Alex Elsayed Sun, 05 Jul 2009 01:55:46 -0700

cotto++, bacek++ and I had a very edifying discussion in #parrot at around 
01:00 to 01:30 PDT on July 5th, focused around some difficulty bacek was 
having in coming up with a workable migration plan for gradually 
transitioning to L1 as the base on which Ops and PMCs are built.


<bacek> btw, I spent few hours trying to understand how to replace op/vtable 
with L1 based one.
<bacek> guess what?
<cotto> it's hard?
<bacek> cotto: may be not, but I can't figure out how to do it...
<cotto> Yeah.  There are some steps in the L1 conversion where all I can see 
are big question marks.
<cotto> I don't doubt that they're feasible, but I'd rather build up the 
momentum and figure out the details jit.
<cotto> Where'd you get stuck?
<bacek> erm. Tough questions.
<bacek> Consider Integer.add, op add, and L1.
<cotto> I'm considering them.
<bacek> currently "op add" is "shortcut" for VTABLE_add(...),
<bacek> if Integer.add is some kind of bytecode segment
<bacek> how "op add" should be implemented?
<bacek> Additional "l1vtable" in PMC?
<bacek> to choose between "old" vtable and "l1vtable"
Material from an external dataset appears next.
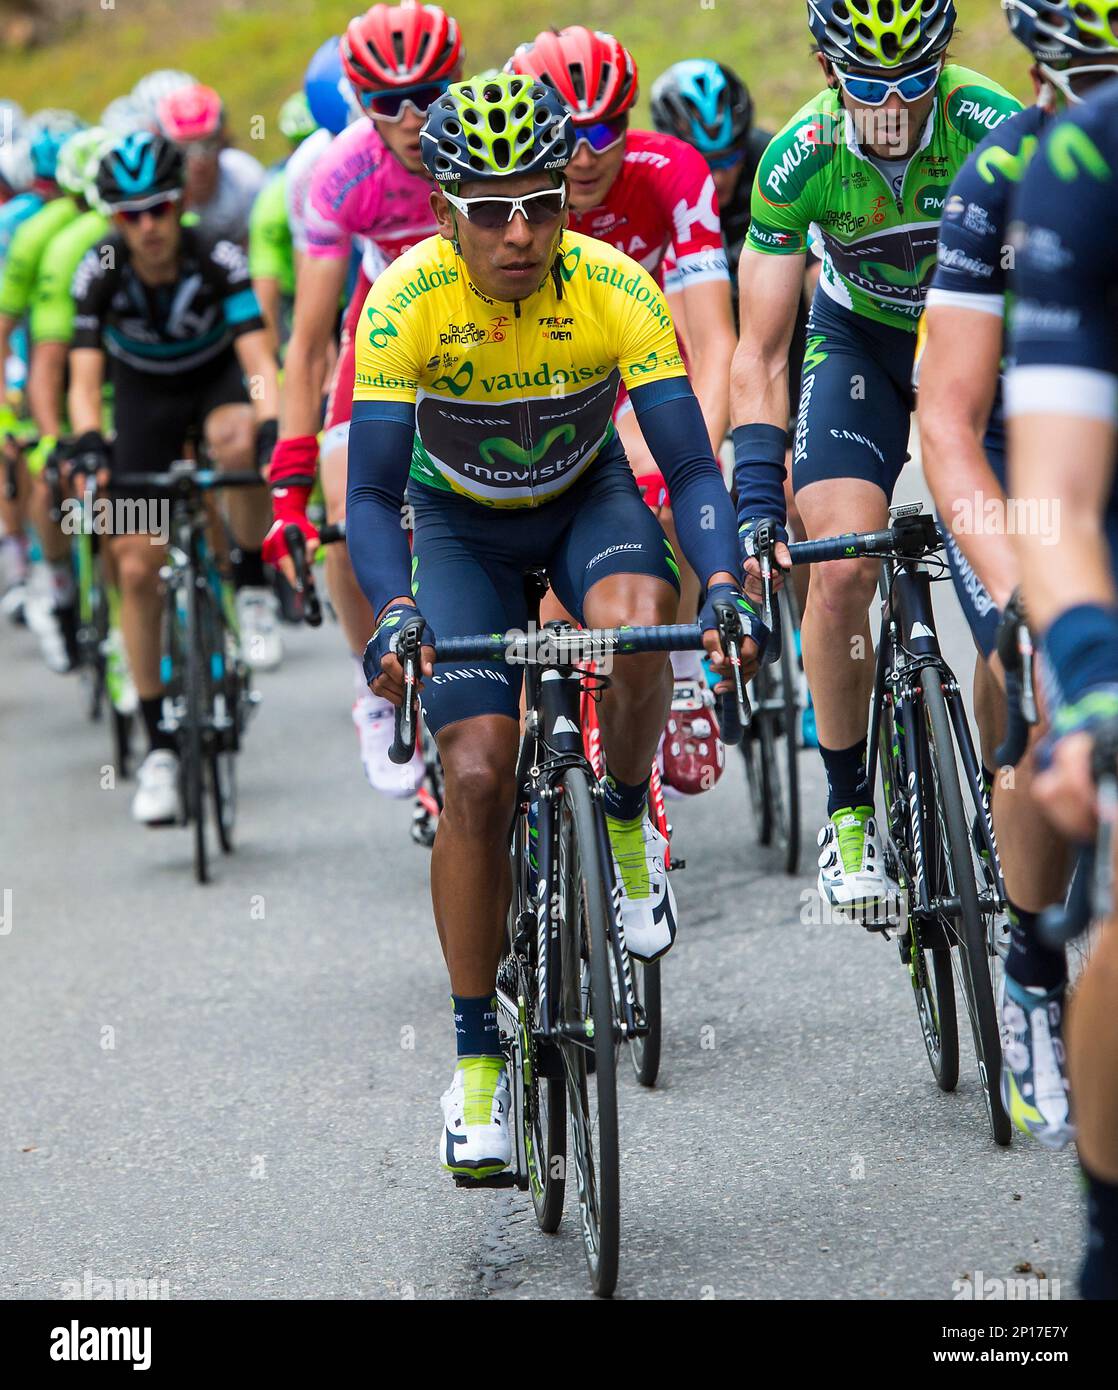 FILE - In this file photo dated Saturday, April 30, 2016, the overall  leader Nairo Quintana from Colombia of team Movistar, in yellow jersey,  rides with the pack during the 70th Tour

What follows is around where I became interested, because I noticed that 
they were working under the assumption that the best migration path would be 
to, in the interim, compile L1 to C and then call that C. That struck me as 
being slightly backwards.

<bacek> or we have to generate C version of  Integer.add which will call 
PCCINVOKE.
<bacek> ?
<bacek> Same for ops. If we have op foo implemented in L1 bytecode how we 
adjust dispatch to handle it?
<cotto> I don't see the problem.  If we're calling VTABLE_add on two PMCs 
(we get that info for free), we just build a vtable call to the first's add, 
then that add vtable function dtrt.
<bacek> VTABLE_add is "C". And we try to avoid it
<cotto> No, VTABLE functions in C don't cost us anything because we don't 
have to mess around with pcc to use them.
<cotto> I don't think so, at least.
<bacek> consider PCCINVOKE call from VTABLE_add
<cotto> That's an implementation detail of the PMC.
<bacek> erm... We are working on implementation details!
<bacek> :)
<cotto> yes.  Go ahead.
<bacek> I can't... I'm stuck...
<bacek> Calling PCCINVOKE from automatically generated C stub will work.
<cotto> So you don't see how we'd do the equivalent of a PCCINVOKE call from 
L1?
<bacek> But it will cause big slowdown.
<bacek> no-no-no.
<bacek> Current op dispatcher is pure C
<cotto> so far, so good
<bacek> if some of ops are in L1 we need smarter dispatcher.
<bacek> or use PCCINVOKE form auto-generated C stubs for L1-based ops.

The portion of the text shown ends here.